Finally.... GSoC!!!

28 Apr 2018 . category: GSoC . Comments
#apertium #hfst #morphology #transducer #fst

Google Summer of Code


Apertium

“There are at least two other more serious problems for endangered languages, more acute than just lack of mother-tongue transmission. There are languages whose last fluent speakers are already gone or are about to go. At a meeting at Glorieta near Santa Fe, New Mexico, a few months ago, we had actually the last living speaker of one of the languages come. It was a very sad experience for everyone, not just for that woman. And perhaps the saddest thing is that she cannot even talk to her sister anymore, who was the next-to-last speaker before she recently died. She can not call up anybody. The only person for her to talk to is a linguist and that is no fun.”

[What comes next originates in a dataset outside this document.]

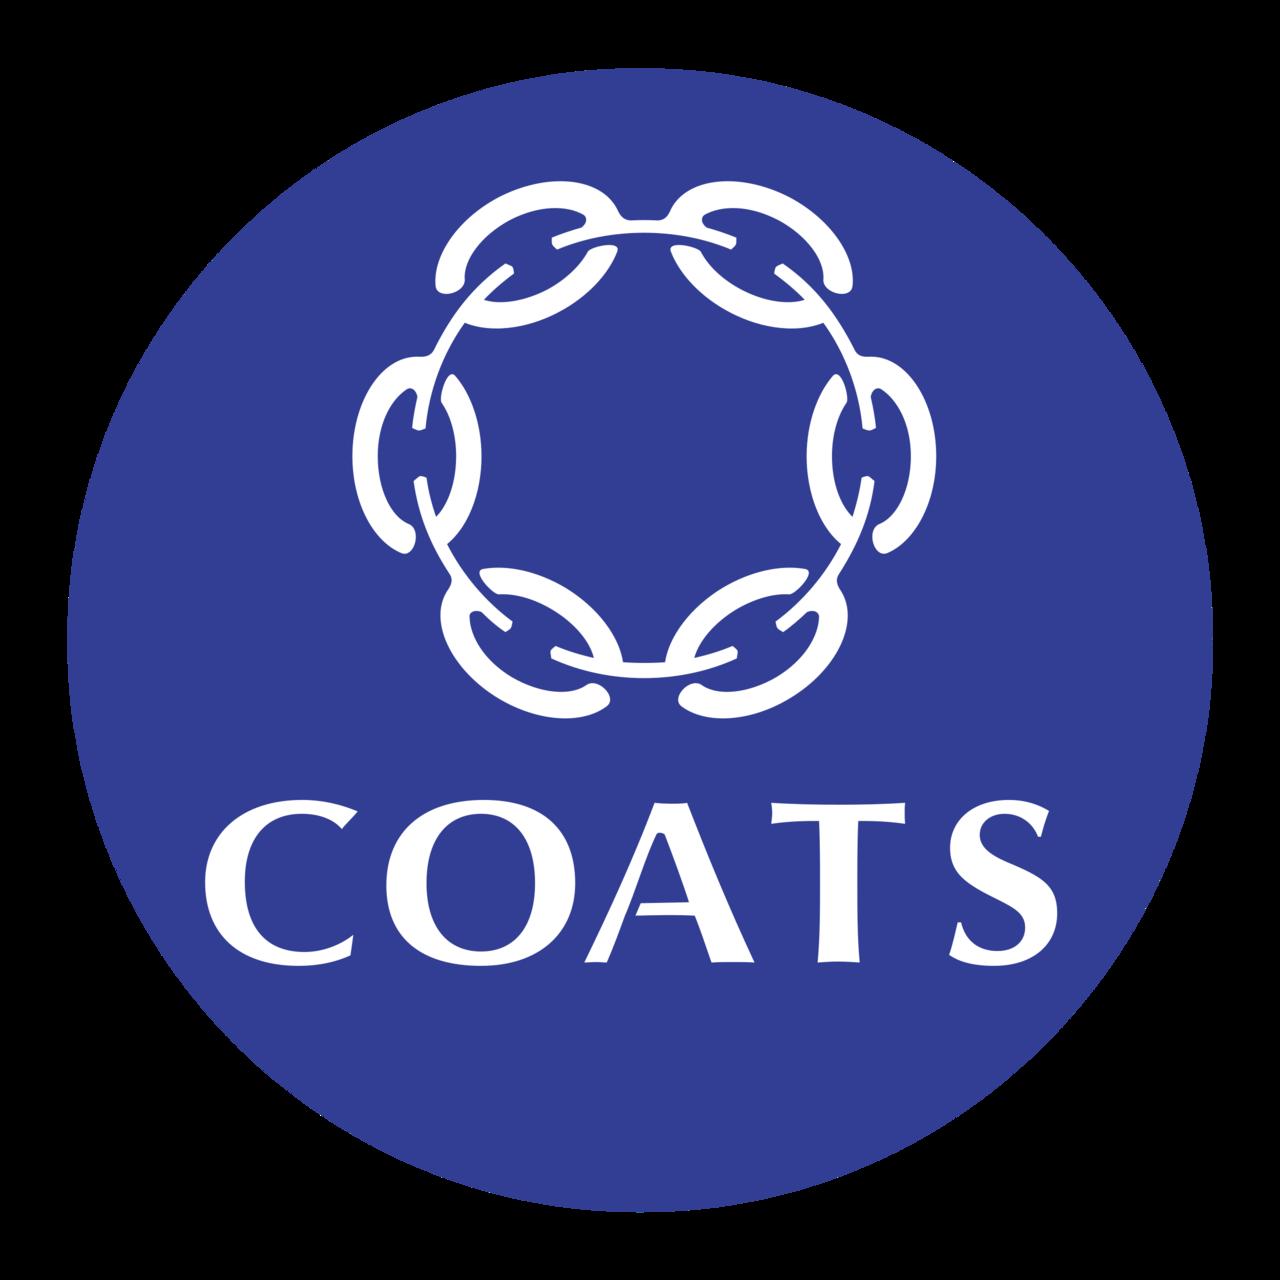 coats-logo
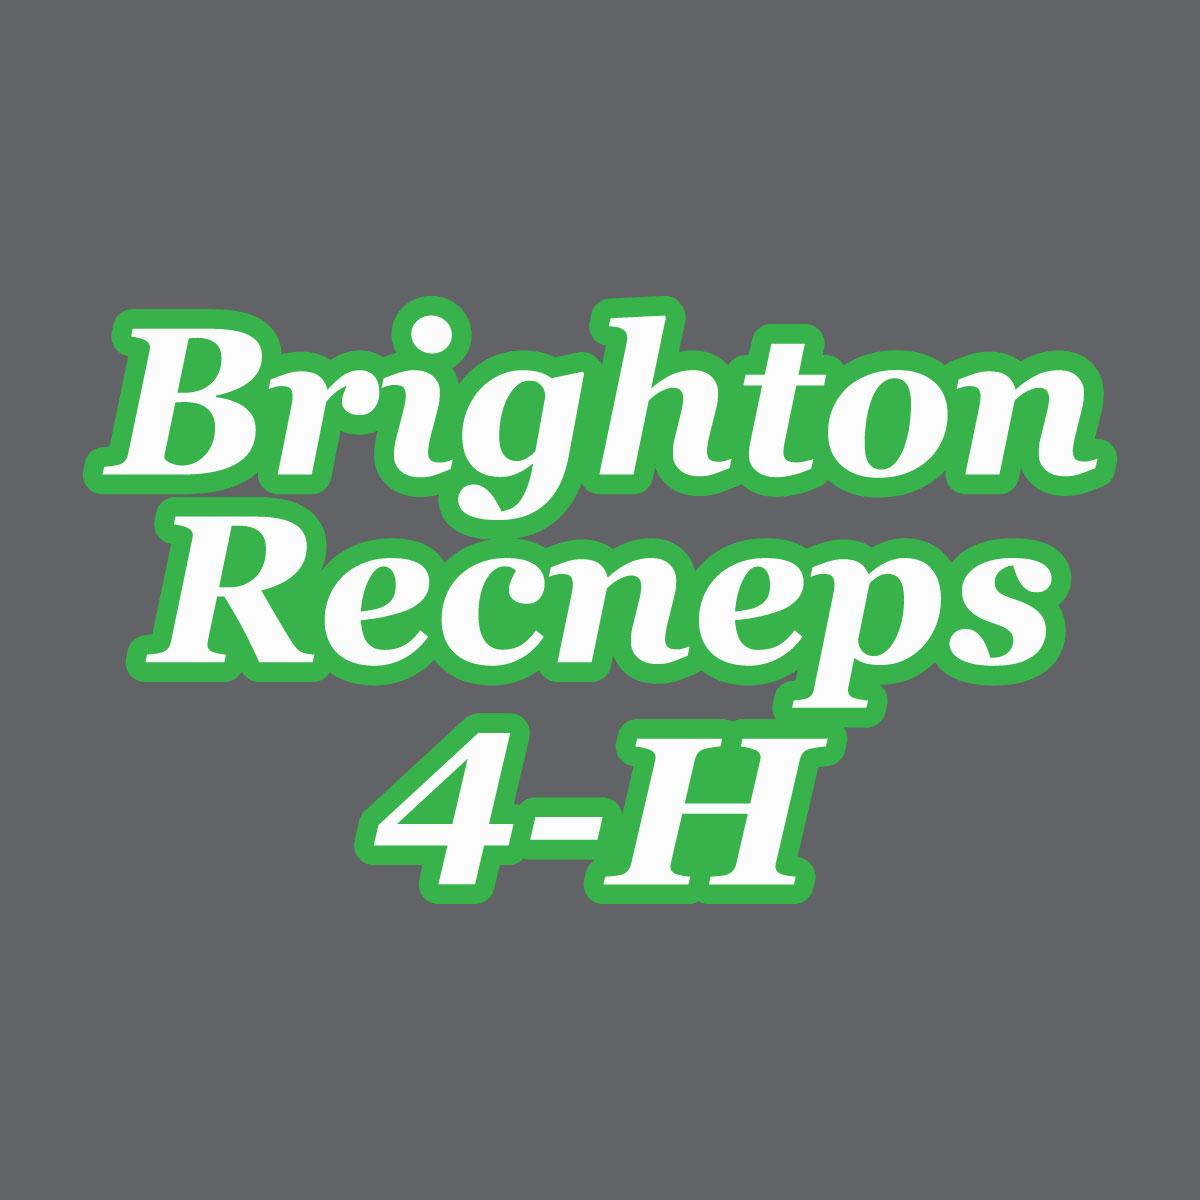 Brighton Recneps 4H

The above quote very well describes the importance of machine based language translation in today’s world. Well I could go on and on about why it is, but this post is not about that.

How I all started

Well this beautiful journey with Apertium started about an year ago when I was working with coala organisation. While I was working on an issue to develop the ApertiumlintBear for the purpose of linting monolingual or bilingual dictionaries with the help of coala, there was an issue with the original linter which needed a fix. The name of the configuration file was hard-coded in apertium-lint which therefore needed a few modifications in the linter itself, to support a general configuration file. For solving that issue, Kevin Brubeck Unhammer became my first point of contact in Apertium. I had a few mail exchanges with him until the issue was resolved completely and we released a new version of apertium-lint.

Unfortunately I couldn’t qualify GSoC that year but later was selected as a mentor for Google Code-in 2017 for coala during the course of which I contacted Kevin for suggesting me a project to work on; for which I can submit a proposal for Google Summer of Code 2018. He provided me few links which were very helpful in understanding the working of Finite State Transducers and get acquainted with the workflow of Apertium.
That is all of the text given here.